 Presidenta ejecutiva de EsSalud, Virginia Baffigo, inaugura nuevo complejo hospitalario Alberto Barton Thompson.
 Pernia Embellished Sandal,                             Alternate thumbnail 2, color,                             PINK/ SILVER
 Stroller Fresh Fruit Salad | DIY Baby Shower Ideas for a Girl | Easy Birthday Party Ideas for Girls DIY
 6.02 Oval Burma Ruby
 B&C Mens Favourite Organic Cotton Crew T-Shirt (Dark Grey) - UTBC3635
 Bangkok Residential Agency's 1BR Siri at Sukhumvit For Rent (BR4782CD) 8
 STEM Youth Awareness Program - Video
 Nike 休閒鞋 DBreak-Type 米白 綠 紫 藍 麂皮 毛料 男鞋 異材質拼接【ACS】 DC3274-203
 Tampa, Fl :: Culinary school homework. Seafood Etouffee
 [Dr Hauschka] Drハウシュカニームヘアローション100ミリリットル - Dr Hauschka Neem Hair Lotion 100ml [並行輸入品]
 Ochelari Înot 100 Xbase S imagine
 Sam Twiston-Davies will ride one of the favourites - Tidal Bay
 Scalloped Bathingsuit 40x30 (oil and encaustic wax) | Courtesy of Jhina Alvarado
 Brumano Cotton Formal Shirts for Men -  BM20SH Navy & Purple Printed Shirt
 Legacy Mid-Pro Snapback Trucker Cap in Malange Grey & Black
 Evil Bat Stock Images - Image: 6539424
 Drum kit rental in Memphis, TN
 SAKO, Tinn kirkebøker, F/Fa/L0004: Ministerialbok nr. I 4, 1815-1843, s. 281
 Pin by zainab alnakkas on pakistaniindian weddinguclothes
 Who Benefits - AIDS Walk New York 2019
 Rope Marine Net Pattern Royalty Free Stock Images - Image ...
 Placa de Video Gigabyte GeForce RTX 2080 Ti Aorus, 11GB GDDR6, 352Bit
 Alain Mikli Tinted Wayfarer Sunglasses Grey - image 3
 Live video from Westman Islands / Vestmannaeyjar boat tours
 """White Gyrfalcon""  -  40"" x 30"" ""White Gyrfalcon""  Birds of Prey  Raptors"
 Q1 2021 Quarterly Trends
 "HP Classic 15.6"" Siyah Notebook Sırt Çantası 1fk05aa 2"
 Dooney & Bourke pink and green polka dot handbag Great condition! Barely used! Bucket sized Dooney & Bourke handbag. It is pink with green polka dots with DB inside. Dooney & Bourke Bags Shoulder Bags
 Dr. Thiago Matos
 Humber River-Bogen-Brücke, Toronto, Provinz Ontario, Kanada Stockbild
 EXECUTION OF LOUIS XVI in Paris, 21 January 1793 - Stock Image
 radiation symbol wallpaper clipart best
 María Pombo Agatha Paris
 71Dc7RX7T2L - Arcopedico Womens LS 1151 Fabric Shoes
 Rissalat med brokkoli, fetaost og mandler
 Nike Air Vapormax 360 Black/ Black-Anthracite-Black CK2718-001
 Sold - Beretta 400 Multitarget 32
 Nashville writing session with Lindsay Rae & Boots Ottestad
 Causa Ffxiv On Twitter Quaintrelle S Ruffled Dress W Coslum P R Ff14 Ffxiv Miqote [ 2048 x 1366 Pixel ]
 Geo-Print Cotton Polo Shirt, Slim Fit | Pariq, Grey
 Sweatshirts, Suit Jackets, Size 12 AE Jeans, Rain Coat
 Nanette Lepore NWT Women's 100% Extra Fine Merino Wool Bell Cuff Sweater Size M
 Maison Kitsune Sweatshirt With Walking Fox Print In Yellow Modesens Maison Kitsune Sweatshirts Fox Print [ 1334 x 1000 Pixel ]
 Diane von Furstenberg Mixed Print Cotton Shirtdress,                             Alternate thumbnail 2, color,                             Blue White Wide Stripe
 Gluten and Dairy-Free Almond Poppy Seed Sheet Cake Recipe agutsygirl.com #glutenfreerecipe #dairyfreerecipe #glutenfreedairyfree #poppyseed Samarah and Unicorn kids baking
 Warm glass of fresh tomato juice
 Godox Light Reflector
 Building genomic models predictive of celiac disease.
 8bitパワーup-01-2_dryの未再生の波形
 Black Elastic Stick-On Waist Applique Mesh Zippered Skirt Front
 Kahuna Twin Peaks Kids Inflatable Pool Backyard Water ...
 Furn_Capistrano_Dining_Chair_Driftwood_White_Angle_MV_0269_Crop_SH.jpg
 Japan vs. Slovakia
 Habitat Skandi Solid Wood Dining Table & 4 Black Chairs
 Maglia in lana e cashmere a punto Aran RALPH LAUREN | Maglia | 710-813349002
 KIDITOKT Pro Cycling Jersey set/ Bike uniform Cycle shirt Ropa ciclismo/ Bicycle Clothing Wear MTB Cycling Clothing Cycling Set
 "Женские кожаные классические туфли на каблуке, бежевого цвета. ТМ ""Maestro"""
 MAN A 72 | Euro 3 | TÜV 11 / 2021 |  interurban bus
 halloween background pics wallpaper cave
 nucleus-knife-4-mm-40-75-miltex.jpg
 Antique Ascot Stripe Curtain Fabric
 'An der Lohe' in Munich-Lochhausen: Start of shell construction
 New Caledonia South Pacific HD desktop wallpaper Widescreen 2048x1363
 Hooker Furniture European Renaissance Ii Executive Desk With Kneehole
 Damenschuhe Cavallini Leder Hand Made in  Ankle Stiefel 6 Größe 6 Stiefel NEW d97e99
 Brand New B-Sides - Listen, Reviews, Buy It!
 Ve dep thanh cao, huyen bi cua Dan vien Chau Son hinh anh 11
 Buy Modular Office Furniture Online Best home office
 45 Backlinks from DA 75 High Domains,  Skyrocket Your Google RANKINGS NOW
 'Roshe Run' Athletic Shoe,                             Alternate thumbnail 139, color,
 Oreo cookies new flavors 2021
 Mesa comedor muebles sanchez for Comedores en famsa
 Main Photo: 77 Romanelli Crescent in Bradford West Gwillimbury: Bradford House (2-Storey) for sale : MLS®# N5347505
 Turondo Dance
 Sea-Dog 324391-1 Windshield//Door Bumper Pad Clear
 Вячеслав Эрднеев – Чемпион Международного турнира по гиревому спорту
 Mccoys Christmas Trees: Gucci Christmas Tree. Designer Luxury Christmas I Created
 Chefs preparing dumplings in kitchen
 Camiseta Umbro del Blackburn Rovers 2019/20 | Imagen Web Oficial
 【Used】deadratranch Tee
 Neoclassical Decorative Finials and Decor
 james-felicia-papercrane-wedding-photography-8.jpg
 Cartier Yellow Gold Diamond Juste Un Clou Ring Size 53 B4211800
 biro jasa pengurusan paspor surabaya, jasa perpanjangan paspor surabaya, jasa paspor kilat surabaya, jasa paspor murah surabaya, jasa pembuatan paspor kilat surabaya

········

**Exercise goal**
Check each line of the entries above, and show every one holding the word "color".

**Answer below**
 Pernia Embellished Sandal,                             Alternate thumbnail 2, color,                             PINK/ SILVER
 Diane von Furstenberg Mixed Print Cotton Shirtdress,                             Alternate thumbnail 2, color,                             Blue White Wide Stripe
 'Roshe Run' Athletic Shoe,                             Alternate thumbnail 139, color,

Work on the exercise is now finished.